Gravimetrie (Schwerkraft-Messungen, Messungen der Schwere)

In der Gravimetrie misst man mit hochempfindlichen Messgeräten die geringfügigen Schwerkraft-Änderungen, die von Dichteunterschieden im Untergrund hervorgerufen werden.

Bei Dichteunterschieden zeichnen sich z.B. folgende Gruppierungen aus: Lockergesteine und Festgesteine, saure und basische bzw. utrabasische Kristallin-Gesteine, dichte und poröse Gesteine, wasserfreie und wasserführende Gesteine, Erze, Salzgesteine. Empirisch wird eine grobe Korrelation zu den Geschwindigkeiten elastischer Wellen der Seismik festgestellt.

Messgeräte heißen Gravimeter, in denen nach dem Prinzip der Federwaage mikroskopisch kleine Auslenkungen einer Probemasse registriert werden; sie sind Wunderwerke der technischen Mechanik. Moderne Gravimeter besitzen eine derart große mechanische Stabilität und Präzision, dass je nach Geländeverhältnissen ein beachtliches Tagespensum an Messstationen erzielt wird.


Ein verbreitet eingesetztes Gravimeter (LaCoste & Romberg)

Eine neue Generation von Gravimetern (Scintrex)


… und ein beinahe museales Instrument (WORDEN) aus der Frühzeit des Gravimeterbaus.
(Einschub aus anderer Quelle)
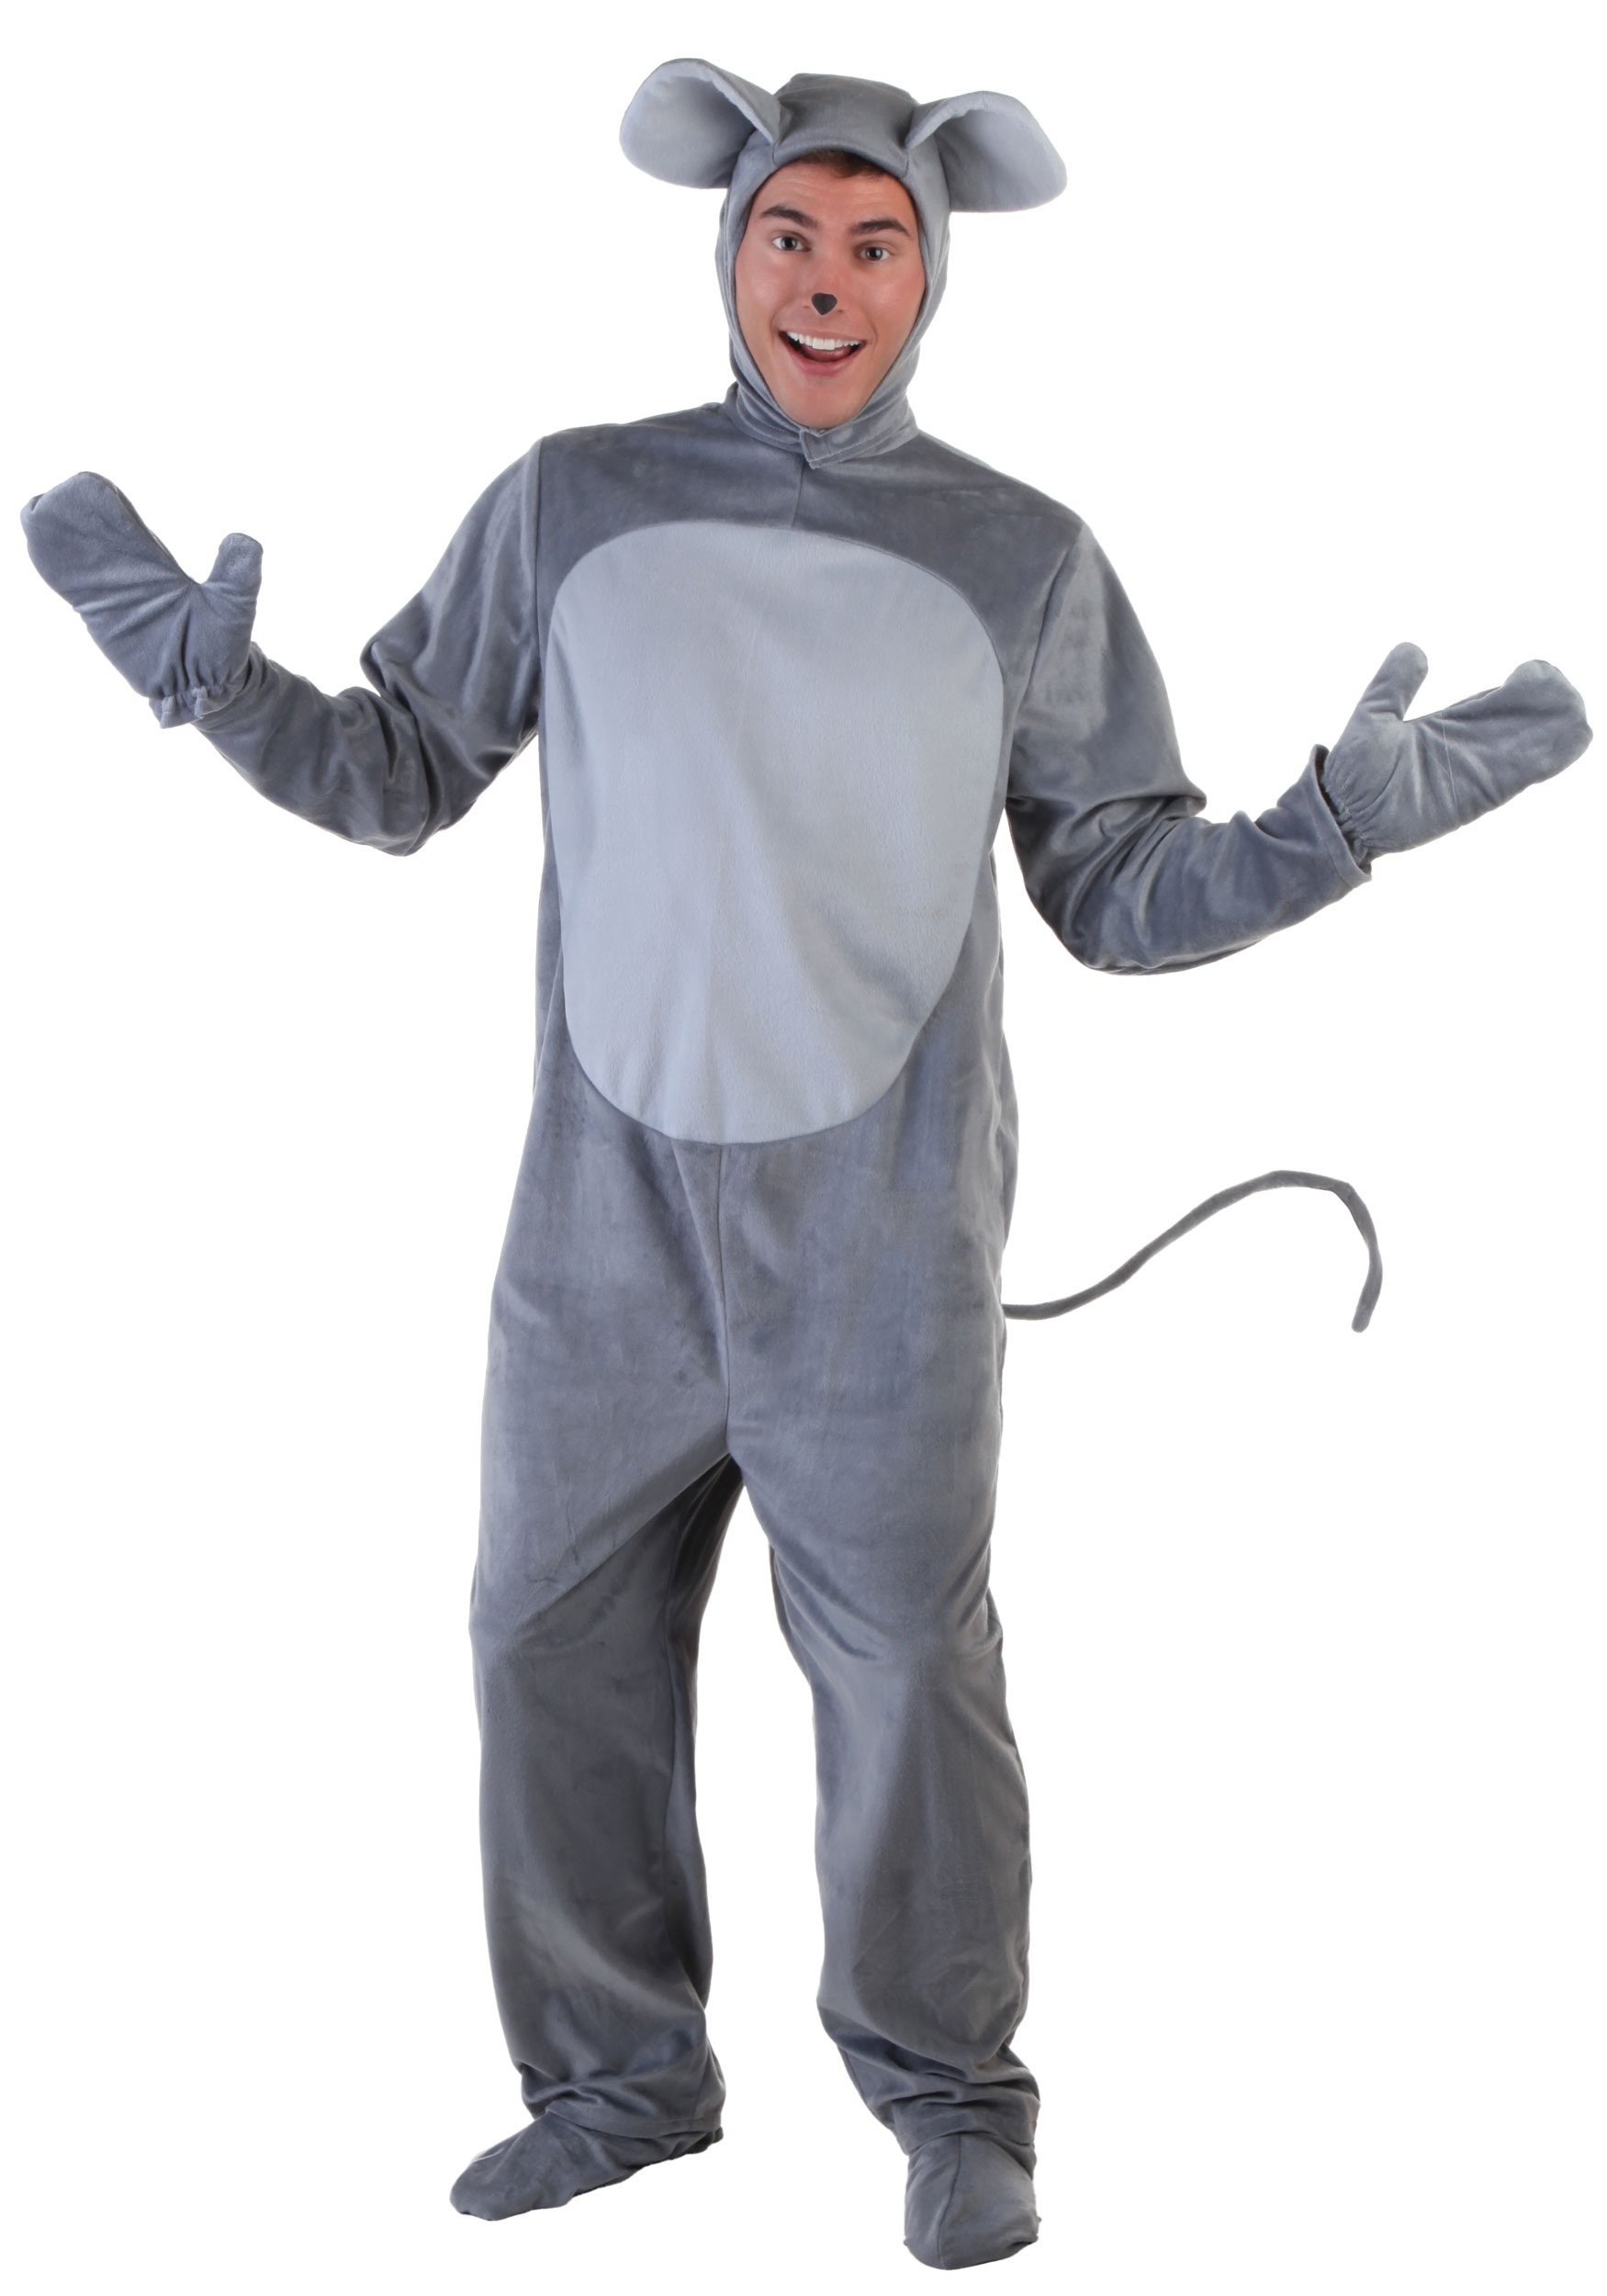 Photos - Fancy Dress FUN Costumes Plus Size Mouse Adults Costume Gray FUN1172PL

Vielfach zu Unrecht wird die Gravimetrie in der angewandten und praktischen Geophysik vernachlässigt. Dabei ist sie bezüglich einer Eigenschaft fast allen anderen Verfahren der Geophysik überlegen: Schweremessungen können unbeschadet von Verkehr, Bebauung, Versorgungsleitungen, versiegelten Böden praktisch überall durchgeführt werden. Das kommt insbesondere im Bereich der Umweltgeophysik zum Tragen, wo die Erkundung geologischer Strukturen in bebauten Arealen mit Geomagnetik, Geoelektrik, aber auch Seismik auf unüberwindbare Hindernisse stoßen kann.

Im Zusammenhang mit der Tiefen-Seismik in der Erdöl-/Erdgas-Exploration und der Tiefengeothermie kommt ihr eine wesentliche Rolle als Verfahren der geophysikalischen Vorerkundung zu, obgleich ihr unbestreitbarer Wert in der Tiefengeothermie unverständlicherweise nur zögerlich anerkannt wird und z.T. auf unbegründete Ablehnung stößt.

Mülldeponie

Gravimetrie: Bouguer-Schwerekarte (Ausschnitt) über einer mit Müll verfüllten Tongrube.

Geologie: Strukturerkundung

Strukturerkundung als Ergänzung zur geologischen Kartierung. Oben: Bouguer-Schwerekarte mit merklichem tektonischen Relief der Festgesteine. Unten: In der Karte der zweiten horizontalen Ableitung dokumentieren sich die tektonischen Hauptrichtungen (nicht die Lage der Störungen selbst!).

Tiefe Geothermie

Gravimetrie als geophysikalische Vorerkundung zur Tiefenseismik: Tiefengeothermie im Oberrheintalgraben. Das Bild zeigt in einer Pseudo-3D-Darstellung eine Schwerefläche, die primär den Kontrast der tertiären Grabenfüllung mit relativ geringer Dichte zum Kristallingestein mit hoher Dichte widerspiegelt. Man erkennt den großen Sprung an der Süd-Nord verlaufenden inneren Grabenrandverwerfung, die plötzlich mit einem scharfen Knick in eine ost-westliche Streichrichtung umbiegt, ferner eine Fülle weniger ausgeprägter tektonischer Strukturen.